Analysis: Recovery is not yet being felt in rural areas

‘You can see the impact of recession in towns, just by how many people are idle’

Pat Spillane near his home in Kenmare, Co Kerry. “I think rural Ireland is now on the political agenda, for the first time possibly ever.” Photograph: Don MacMonagle

Pat Spillane near his home in Kenmare, Co Kerry. “I think rural Ireland is now on the political agenda, for the first time possibly ever.” Photograph: Don MacMonagle

 

Pat Spillane works with the Commission for the Economic Development of Rural Areas.

“I still see a two-tier economy in Ireland, with the gap between urban and rural recovery. The improvements in the economy haven’t really trickled through to the rural areas yet,” he says.

“But for the first time, I feel there is a focus on rural Ireland at a political level. I think rural Ireland is now on the political agenda, for the first time possibly ever.

“The national broadband plan has ferocious potential for rural Ireland, but it’s vital that there will be a timeline for it. Broadband could be as significant for rural Ireland now as electrification was when it came in. That’s what will help recovery.”

Different speeds

Mark Fielding

“The country is going at about three different speeds, and it depends on how you slice it. The Pale is in post-recession, but if you go down to Abbeyleix or further down to the midlands, the signals are not as big as in Dublin,” he says.

“If you look at the GDP figures for the country with Ibec sunglasses on, yes, we’re all out of recession. But it’s not true for the people I represent. They are not ringing up their tills. Volume of sales has started to move up a little bit, but value is trailing behind. People are selling at lower margins than in the past.

“When you drive down the main street in rural Ireland, you can see that the shops that are still closed are like badly broken teeth in the face of a small town. It is very hard for those closed businesses to be picked up and opened again.

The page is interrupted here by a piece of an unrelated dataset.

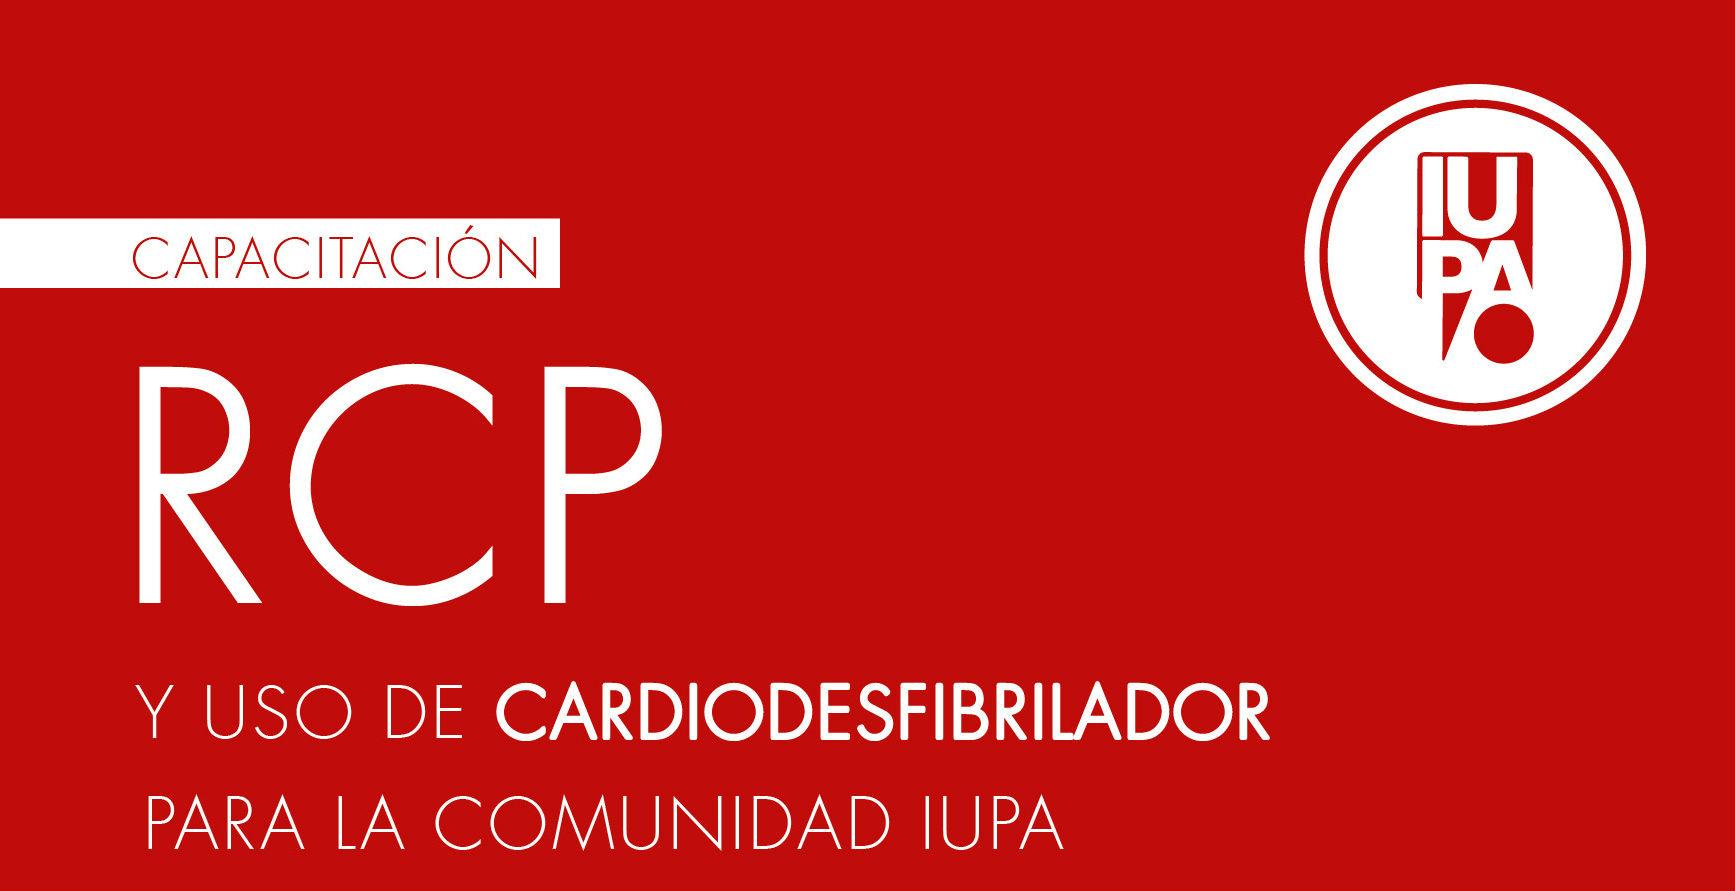 imagen de RCP

“There are so many pubs that don’t open until late in the evening or are closed altogether. Even where small shops are still open, lots of them only open for a few hours. In the past, you’d have shops like the grocery open for 10 hours a day with a full staff. Now a lot of them are empty in the afternoons, during the graveyard shift between 2pm and 4.30pm, when you’d only have maybe one person in the shop.

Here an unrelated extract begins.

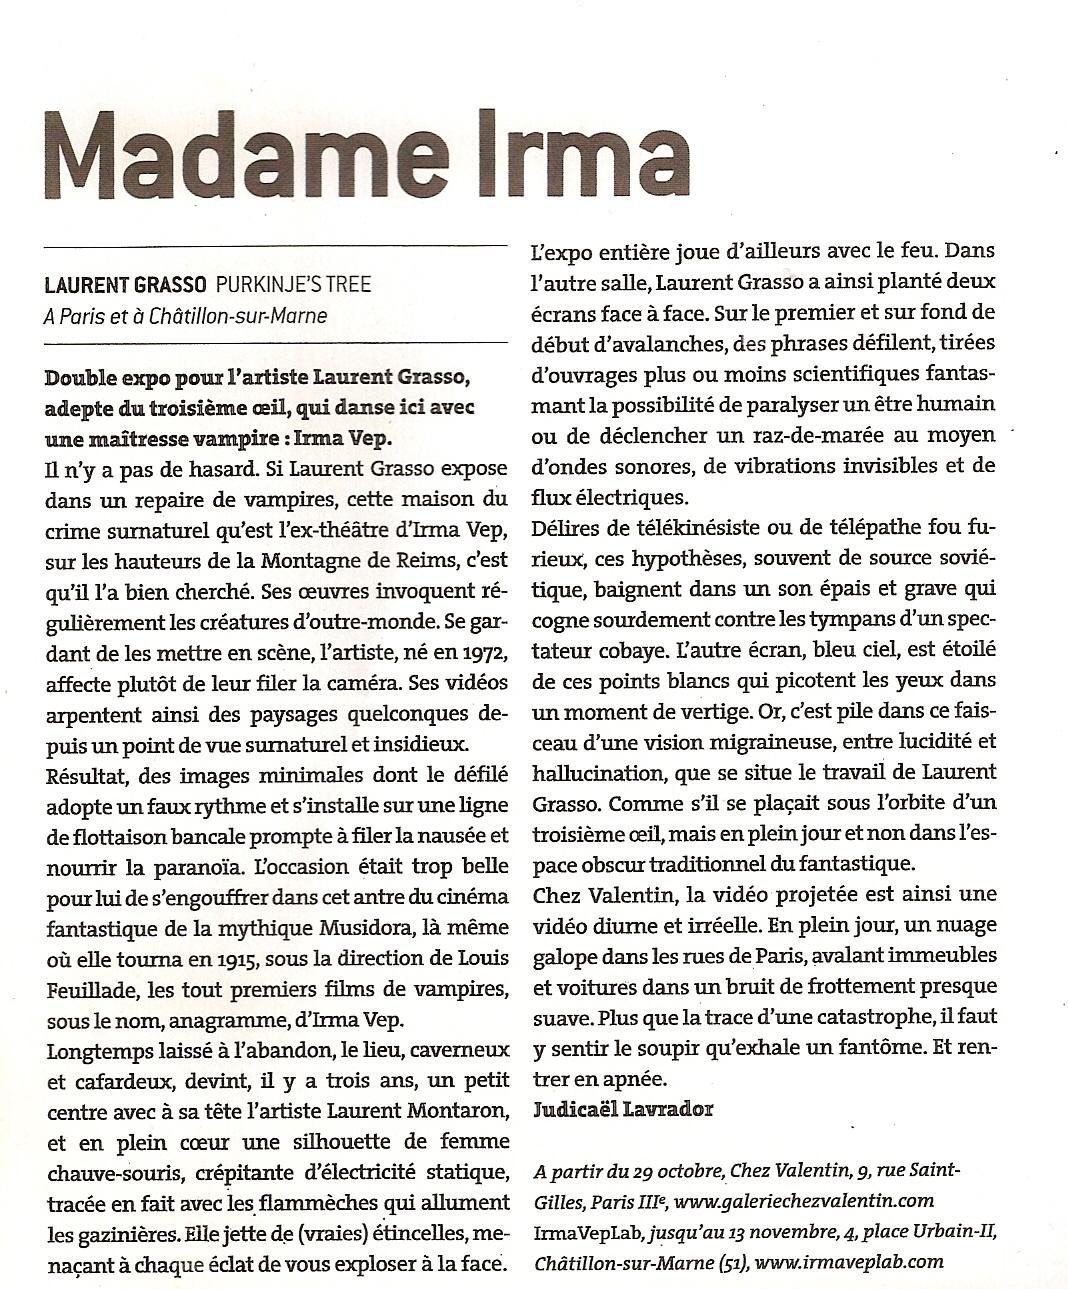 Laurent Grasso, Madame Irma

“You can see the impact of recession in towns, just by how many people are idle in the town, because they have no work. You can also see the difference from 20 years ago in a lot of towns, where those between 19 and 30 are no longer visible. They’re gone.”

Cathal O’Donoghue is head of the Rural Economy and Development Programme at Teagasc.

“We are officially three years in recovery. Since the crash, Dublin and areas around it have seen the biggest increases in employment, but the west and midwest are still down, so there is a bit of a divide.

“People are saying anecdotally that things have improved the most in the east coast, but those places furthest away from cities have seen least reduction of unemployment.

“There are 1.5 million people living outside the five big urban centres. In urban areas, the unemployment rate is less than 20 per cent of households with two adults of working age. In small towns – population over 5,000 – the unemployment rate for two adults in a household is one-third. That is a real social problem. Everything is magnified with unemployment.

“The first challenge is to get people back to work. But then we also have to try and to do something about these rural households where there is unemployment, because if we don’t they are looking at long-term poverty.”